Le CS examine régulièrement à ses séances la situation avec le rétablissement post-conflictuel dans certains états africains. Nous sommes préoccupés par les ratés et les complications, apparus dans certains cas : le coup d'état en RCA, les difficultés du processus post-conflictuel en Guinée-Bissau. Nous espérons que dans le dernier cas, la mission du CS pourra faire son apport constructif à la poursuite progressive de ce processus.
Nous espérons que les deux Missions du CS en Afrique Centrale et Occidentale pourront prendre connaissance à la source de la situation humanitaire dans les zones des conflits.
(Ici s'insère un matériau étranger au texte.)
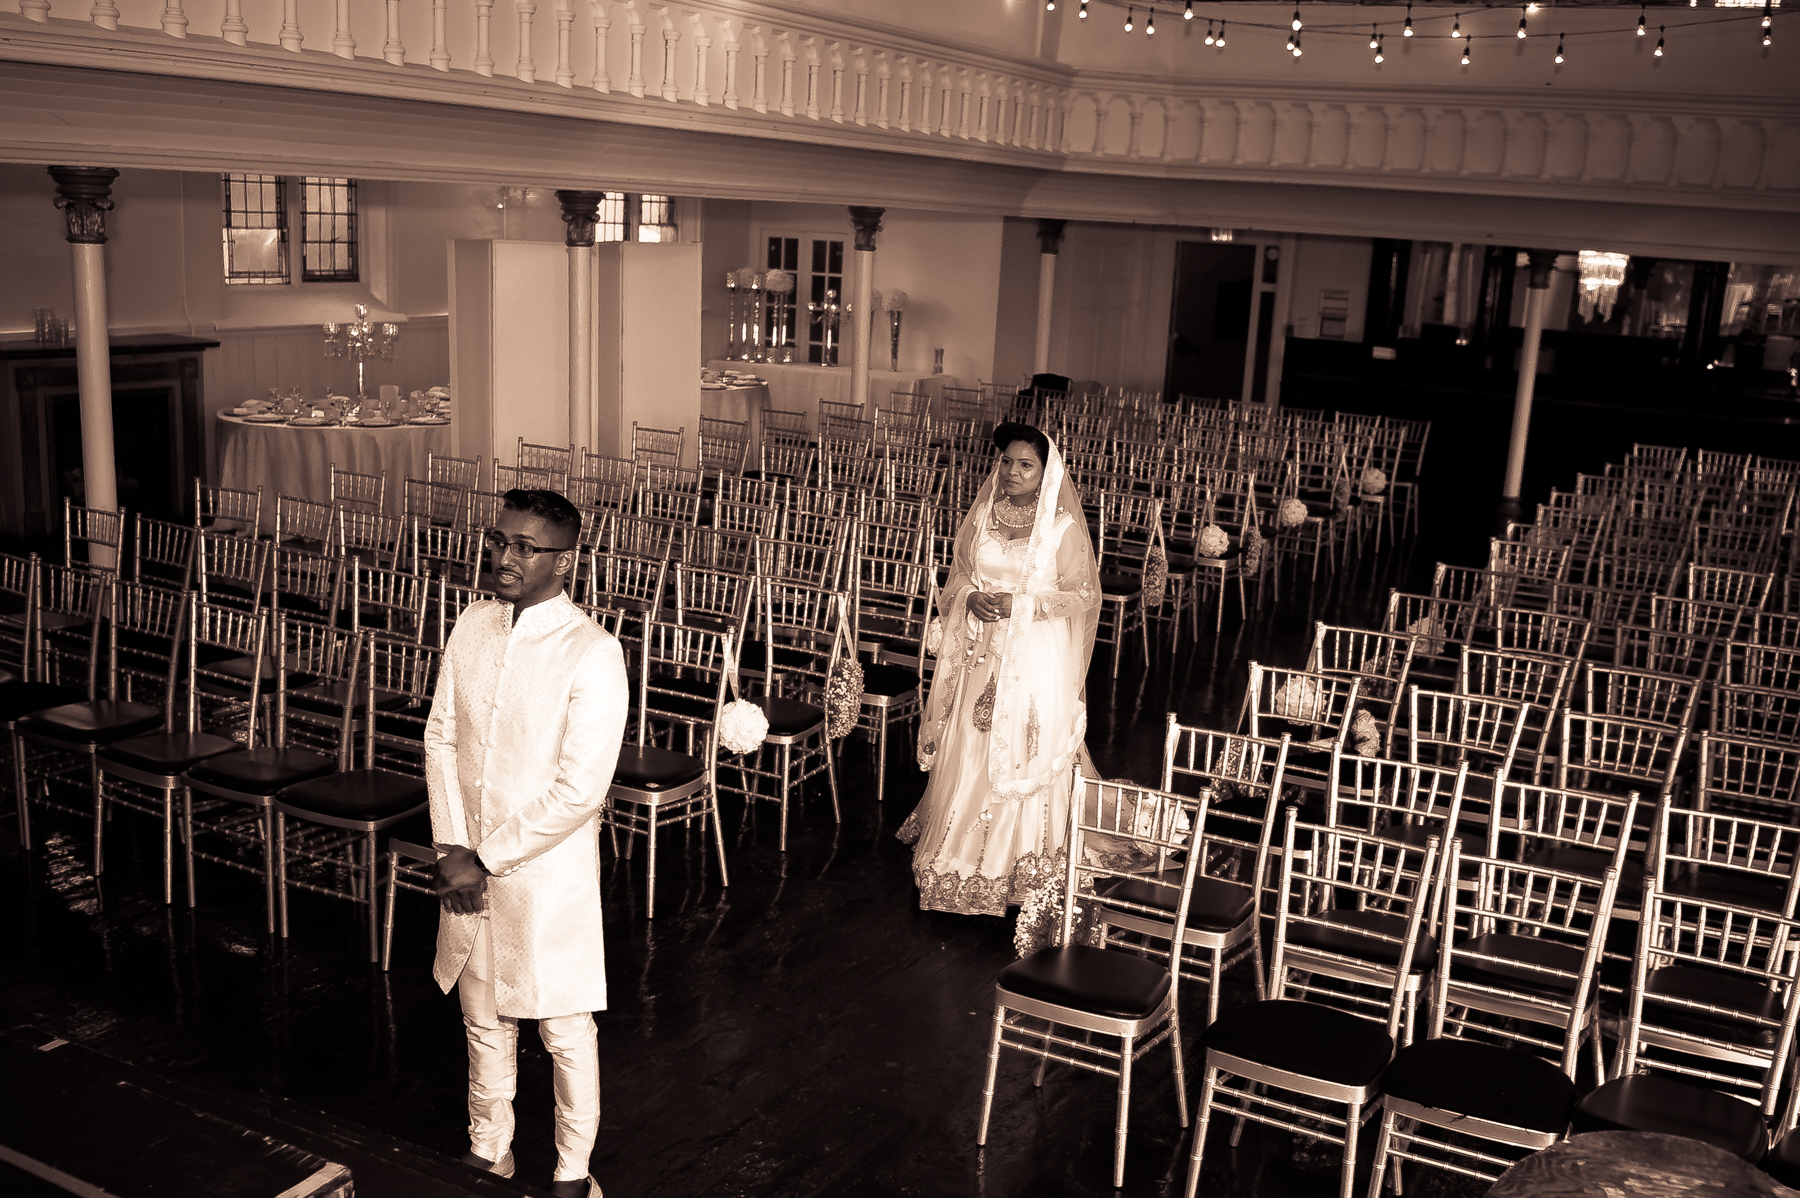 First look bride walking down aisle at '1871' Berkeley Church Event Venue

L'information qui arrive témoigne de ce que dans ces régions ont lieu des manifestations de la cruauté inhumaine, sans merci contre les civils. Avec les machetes, devenus armes d'extermination massive, on perpètre des meurtres pour tuer. On voit des manifestations incompatibles avec la civilisation du ÕÕIe siècle. Les enfants-combattants sont impliqués à la violence sans frontières. Les missions du CS devront envoyer un signe clair à ceux que cela concerne – les crimes contre l'humanité seront inévitablement déférées devant la justice. Les coupables seront punis conformément à leur crime. Nous soutenons les paroles dans ce sens d'A.Ileka, représentant spécial de la RDC. Le sang et les cendres des victimes innocentes nous y obligent.
Monsieur le Président,
Pratiquement tous les conflits africains ont la dimension régionale. De l'attitude des voisins, des autres facteurs régionaux, dépend pour beaucoup le succès ou l'échec des efforts internationaux de règlement. La Russie propose, pendant la visite de la Mission du CS de l'Afrique Centrale, de sonder, comment les états de la région des Grands Lacs voient l'idée de la prise de la Déclaration sur le bon voisinage, qui puisse se transformer en Pacte de bon voisinage. On croit que le travail à ce document va contribuer à la compréhension entre les états de cette partie du continent africain, au règlement des problèmes existants, au renforcement de la confiance entre eux. Il peut devenir un pas important sur la voie de la préparation de la Conférence internationale sur la région des Grands Lacs.
Il n'existe pas de formule rapide pour résoudre les grandes tâches de règlement des conflits africains. On aura besoin des efforts ciblés polyvalents tant des amis de l'Afrique qu'avant tout, des Africains eux-mêmes. On voudrait croire que les futures missions du CS de l'ONU sur ce continent, en conformité avec les mandats approuvés, aideront le règlement des crises qui y existent, la neutralisation des nouveaux défis et menaces à l'Afrique.